Root Cause (if applicable)

  • Root cause: Custom providers sharing api: "ollama" could fall through a shared transport registry path that effectively closed over the wrong Ollama baseUrl, so provider/model selection looked correct while the request still went to the wrong backend.
  • Missing detection / guardrail: There was no regression coverage for multiple custom Ollama providers sharing the same API family but requiring different transport destinations, and no guardrail covering dedicated child agents inheriting parent fallback/provider context.
  • Contributing context (if known): The bug is easiest to see when different Ollama instances are pinned to different GPUs or host different model inventories, because misrouting causes visible model unload/reload behavior on the wrong instance.

Regression Test Plan (if applicable)

  • Coverage level that should have caught this:
    • Unit test
    • Seam / integration test
    • End-to-end test
    • Existing coverage already sufficient
  • Target test or file:
    • src/agents/provider-stream.test.ts
    • src/agents/provider-transport-stream.test.ts
    • src/agents/pi-embedded-runner/stream-resolution.test.ts
    • src/agents/agent-scope.test.ts
  • Scenario the test should lock in: When two custom providers share api: "ollama" but point at different baseUrl values, the selected provider/model must resolve to the correct transport destination at run time; additionally, a dedicated child agent without configured fallbacks must not reuse parent fallback/provider context.
  • Why this is the smallest reliable guardrail: The bug lives at the provider stream resolution boundary and child agent scope resolution boundary, so targeted stream/scope tests catch it without requiring a full live Ollama environment.
  • Existing test that already covers this (if any): None before this PR.
  • If no new test is added, why not: N/A

User-visible / Behavior Changes

  • Multi-instance Ollama providers now route by the configured provider/model baseUrl instead of potentially landing on the first registered Ollama backend.
  • Dedicated agents without configured fallbacks no longer accidentally inherit parent provider/model fallback state.
  • Docs now explicitly describe the multi-instance Ollama behavior and routing expectation.

Diagram (if applicable)

Before:
[subagent selects ollama-5090/model] -> [shared ollama transport closes over first provider] -> [request hits 11434] -> [wrong GPU/model reload]

After:
[subagent selects ollama-5090/model] -> [transport resolves model/provider boundary at call time] -> [request hits 11435] -> [correct GPU/provider]

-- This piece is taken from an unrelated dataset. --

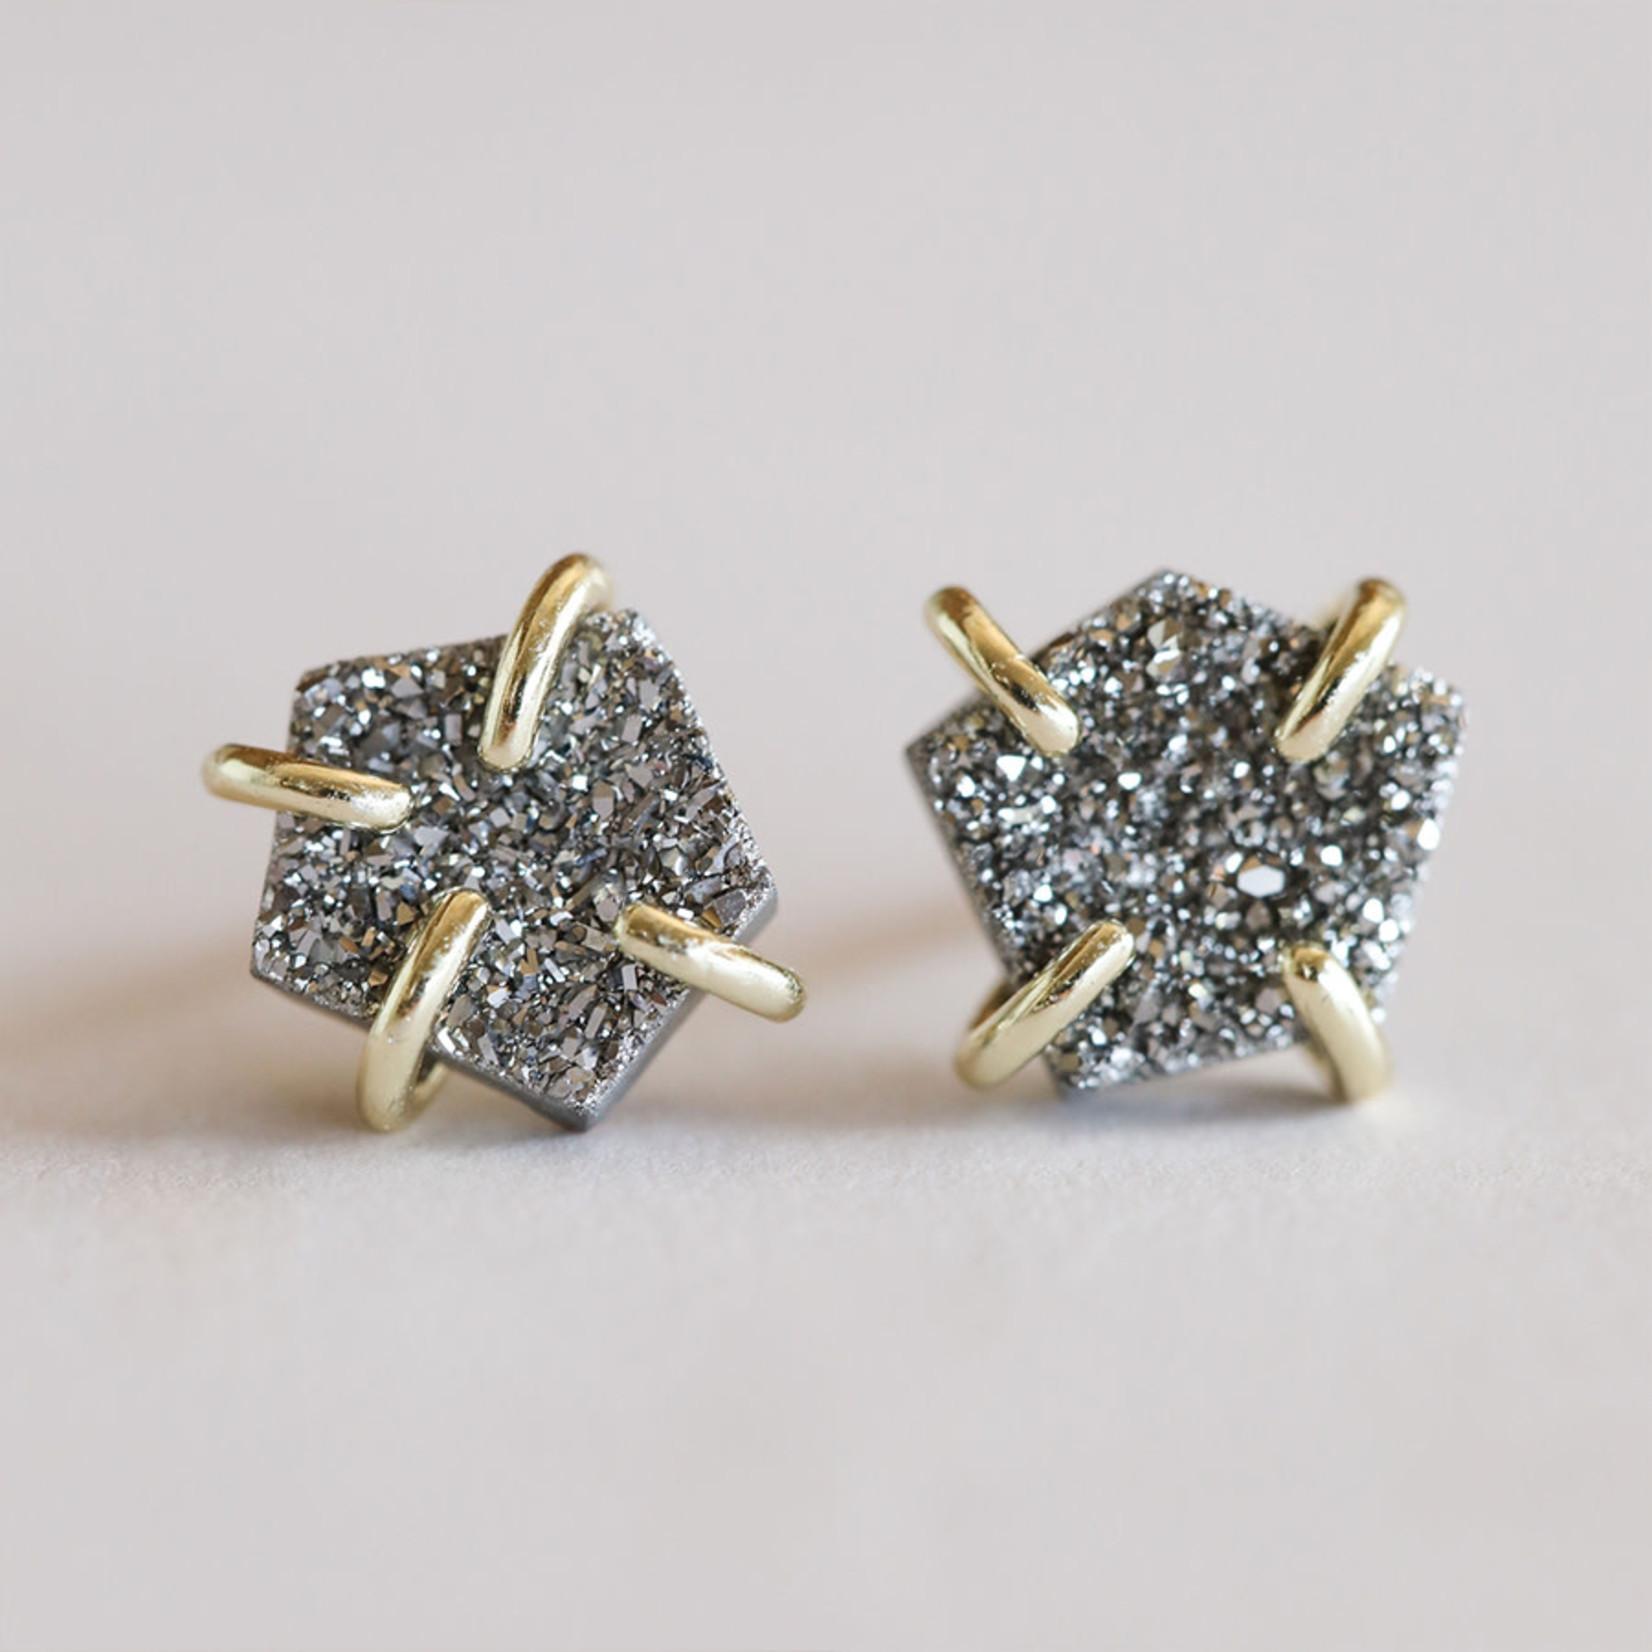 JaxKelly Druzy Prong Earrings
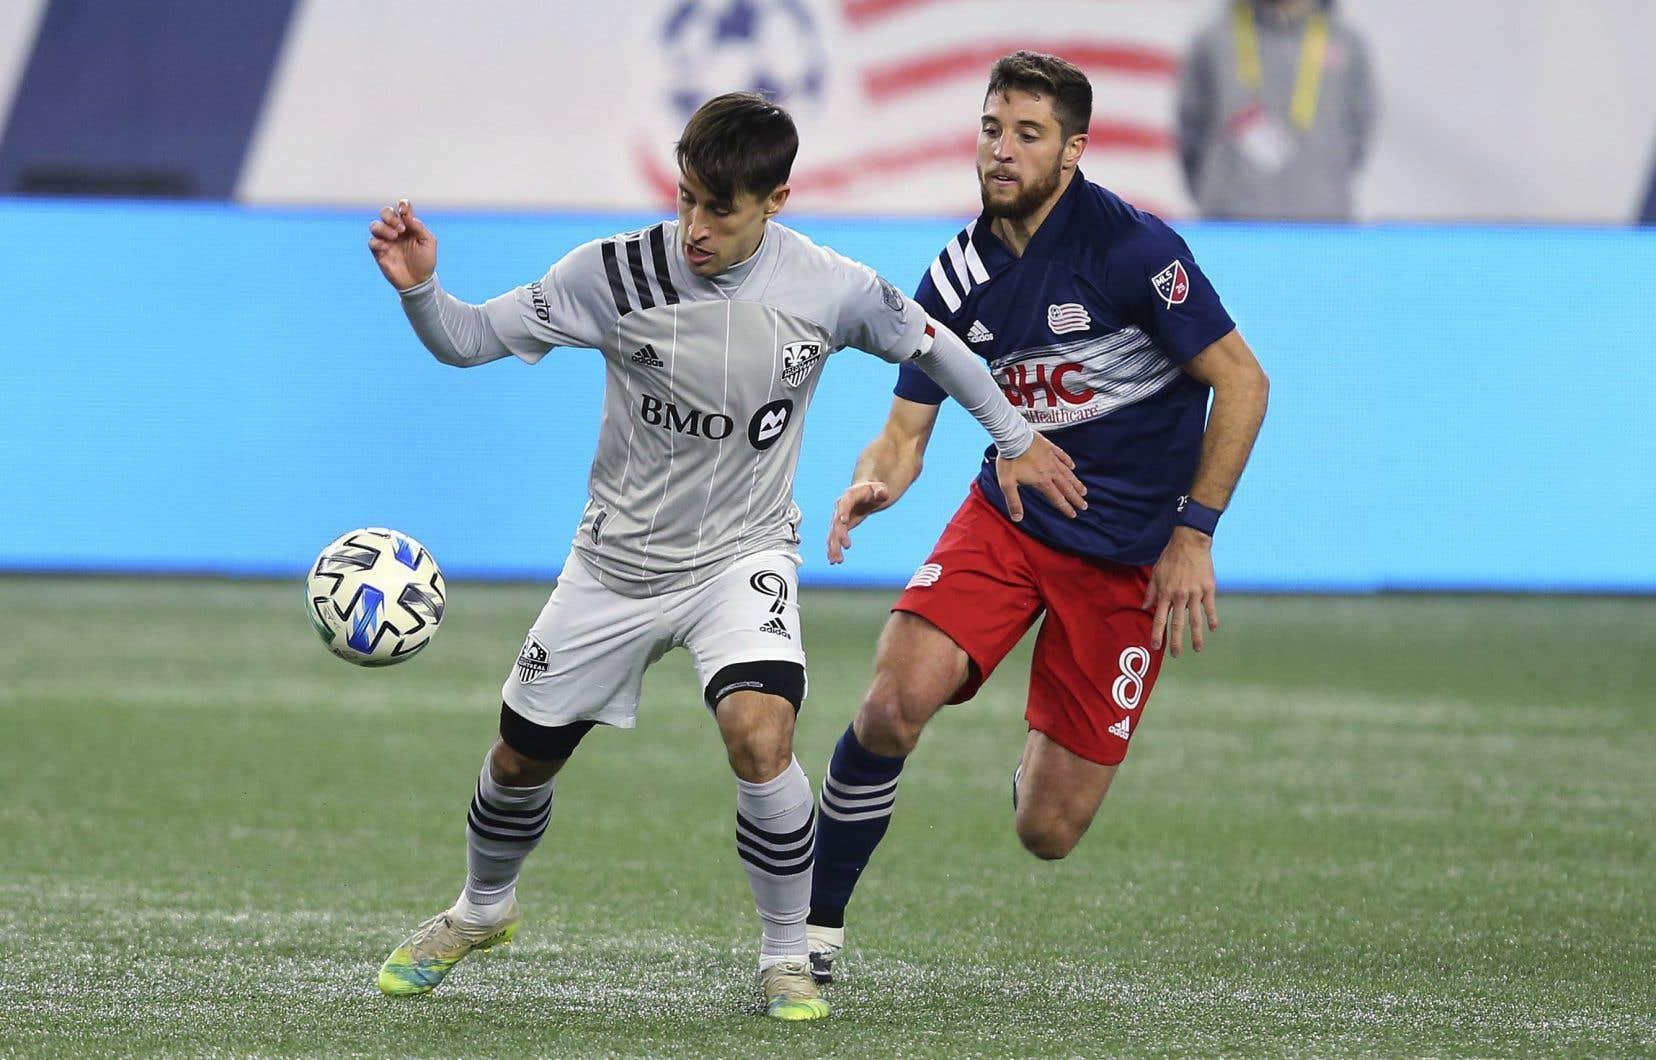 Le milieu espagnol Bojan Krkic (à gauche) a marqué quatre buts pour l'Impact en 2020, tous à compter du 27 septembre dernier. Le voici lors du dernier match du Bleu-Blanc-Noir, perdu aux mains du Revolution de la Nouvelle-Angleterre.

Security Impact (required)

  • New permissions/capabilities? (Yes/No) No
  • Secrets/tokens handling changed? (Yes/No) No
  • New/changed network calls? (Yes/No) No
  • Command/tool execution surface changed? (Yes/No) No
  • Data access scope changed? (Yes/No) No
  • If any Yes, explain risk + mitigation: N/A

Repro + Verification

Environment

  • OS: Linux
  • Runtime/container: OpenClaw Gateway v2026.4.7; self-hosted Ollama on a separate host
  • Model/provider:
    • ollama -> http://127.0.0.1:11434
    • ollama-5090 / ollama_shard -> http://127.0.0.1:11435
    • Repro model: qwen3.5:27b
  • Integration/channel (if any): Local gateway / agent runtime
  • Relevant config (redacted):
    • main agent on ollama/qwen3.5:27b
    • nexus / shard on ollama-5090/qwen3.5:27b
    • dual Ollama providers share api: "ollama" but use different baseUrl values (and different pinned GPUs)

Steps

  1. Configure two custom Ollama providers that both use api: "ollama" but point to different baseUrl values.
  2. Route the main agent to provider A (11434) and a subagent like nexus to provider B (11435).
  3. Trigger a subagent run and inspect the provider/model metadata plus Ollama /api/ps activity on both instances.

Expected

  • A subagent configured for ollama-5090/... should send its request to 11435 and only touch the shard GPU/instance.

Actual

  • Before the fix, the run could still hit 11434, unloading/reloading the wrong model on the wrong GPU even though the selected provider appeared to be ollama-5090.

Evidence

Attach at least one:

  • Failing test/log before + passing after
  • Trace/log snippets
  • Screenshot/recording
  • Perf numbers (if relevant)

Human Verification (required)

  • Verified scenarios:
    • reproduced the original dual-Ollama misrouting locally before the fix
    • verified after the fix that a nexus run recorded provider: "ollama-5090"
    • verified that /api/ps activity advanced on 11435 while 11434 stayed unchanged
    • verified dedicated-agent fallback scoping with targeted tests
  • Edge cases checked:
    • shared api: "ollama" providers with different baseUrl values
    • child agent with no explicit fallbacks
  • What you did not verify:
    • full end-to-end coverage across every provider family that uses shared transport registration
    • separate Ollama model warmup/load timeout behavior (observed locally, but out of scope for this PR)

Review Conversations

  • I replied to or resolved every bot review conversation I addressed in this PR.
  • I left unresolved only the conversations that still need reviewer or maintainer judgment.

Compatibility / Migration

  • Backward compatible? (Yes/No) Yes
  • Config/env changes? (Yes/No) No
  • Migration needed? (Yes/No) No
  • If yes, exact upgrade steps: N/A

Risks and Mitigations

  • Risk: Shared Ollama transport resolution now depends on the active model/provider boundary at call time and could affect other custom Ollama provider combinations.

    • Mitigation: Added targeted regression tests for shared-provider stream resolution and documented the intended multi-instance behavior.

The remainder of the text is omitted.